HBO’s hit zombie drama The Last of Us offers what might be TV’s ultimate found family: A rugged, former soldier bonding with an angry, rebellious girl while traveling across a post-apocalyptic wasteland.

During the show’s first season, back in 2023, Pedro Pascal’s handsome Joel led Bella Ramsey’s impulsive, wickedly smart Ellie across an America destroyed by a fast-spreading fungal infection that turned people into flesh-eating zombies. Along the way, Joel connected with her as a surrogate father — to the point where he killed a building full of people to save her life.

In its new season, The Last of Us challenges that notion of found family with a simple question: If the person you decide to love lies to you – even to protect you – does that eventually destroy the bond?

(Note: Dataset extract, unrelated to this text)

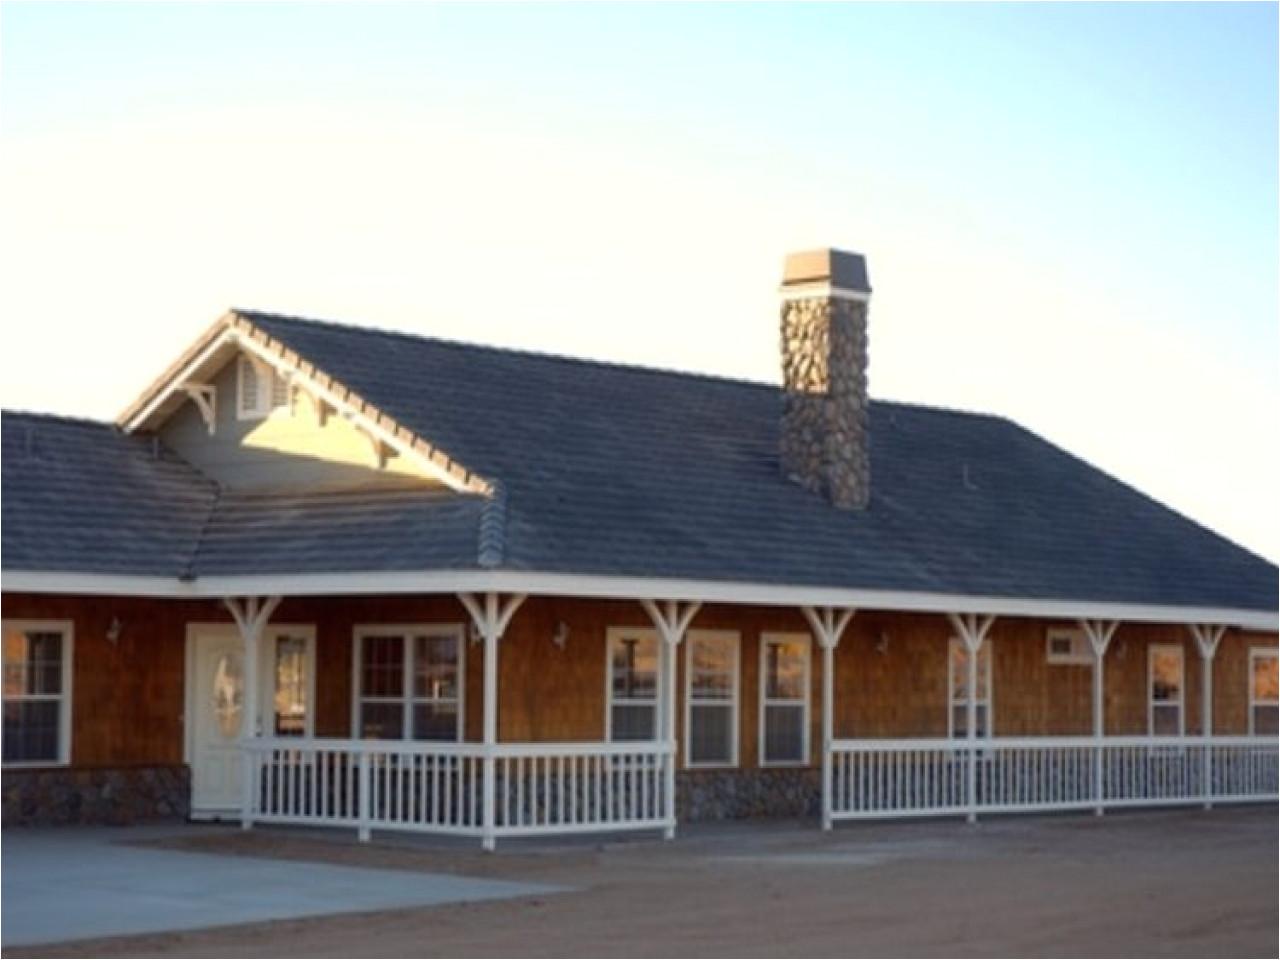 fcfe7853cdc2fcb1 house plans ranch style home unique ranch house plans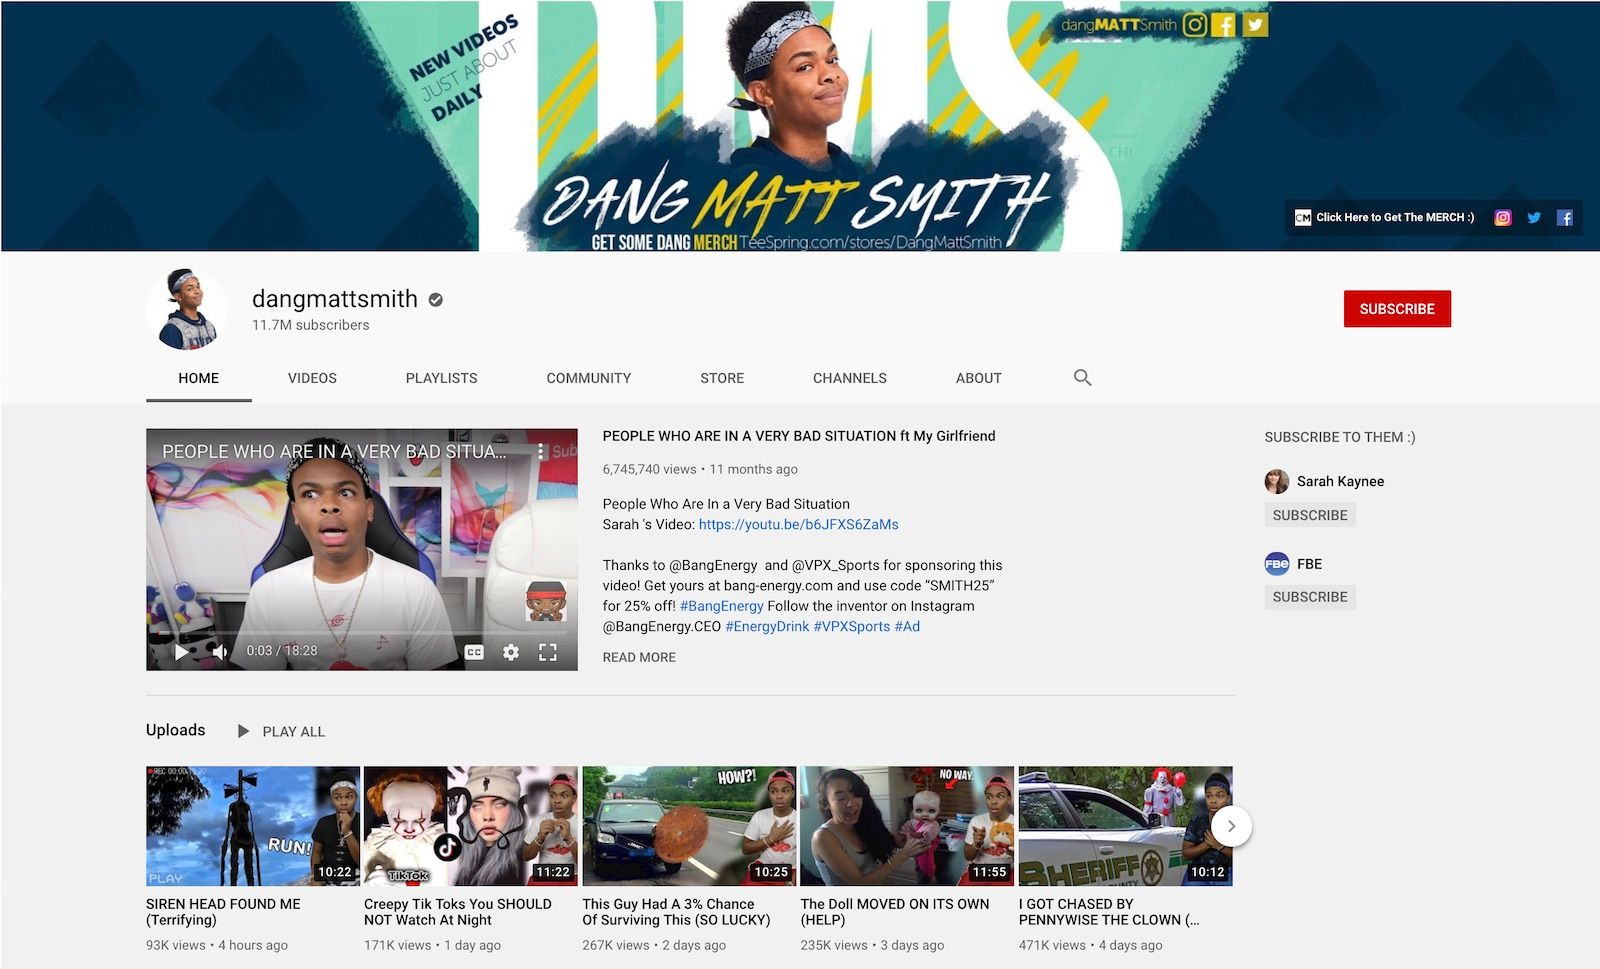 dangmattsmith YouTube channel

Such lies – alongside the terrible decisions required in this ruined world and the consequences that follow – are the themes hanging over the show’s new season like a shroud. They lend new weight and expanded drama to a series that has always fought to be more than a typical scare-of-the-week franchise.

A father-daughter bond under stress

Fans who vibed on Joel and Ellie’s hard-won bond may find it a bit jarring – if expected – to see the new season open five years later with the two characters estranged from each other, living at a settlement in Jackson, Wyoming.

Pedro Pascal in Season 2 of The Last of Us.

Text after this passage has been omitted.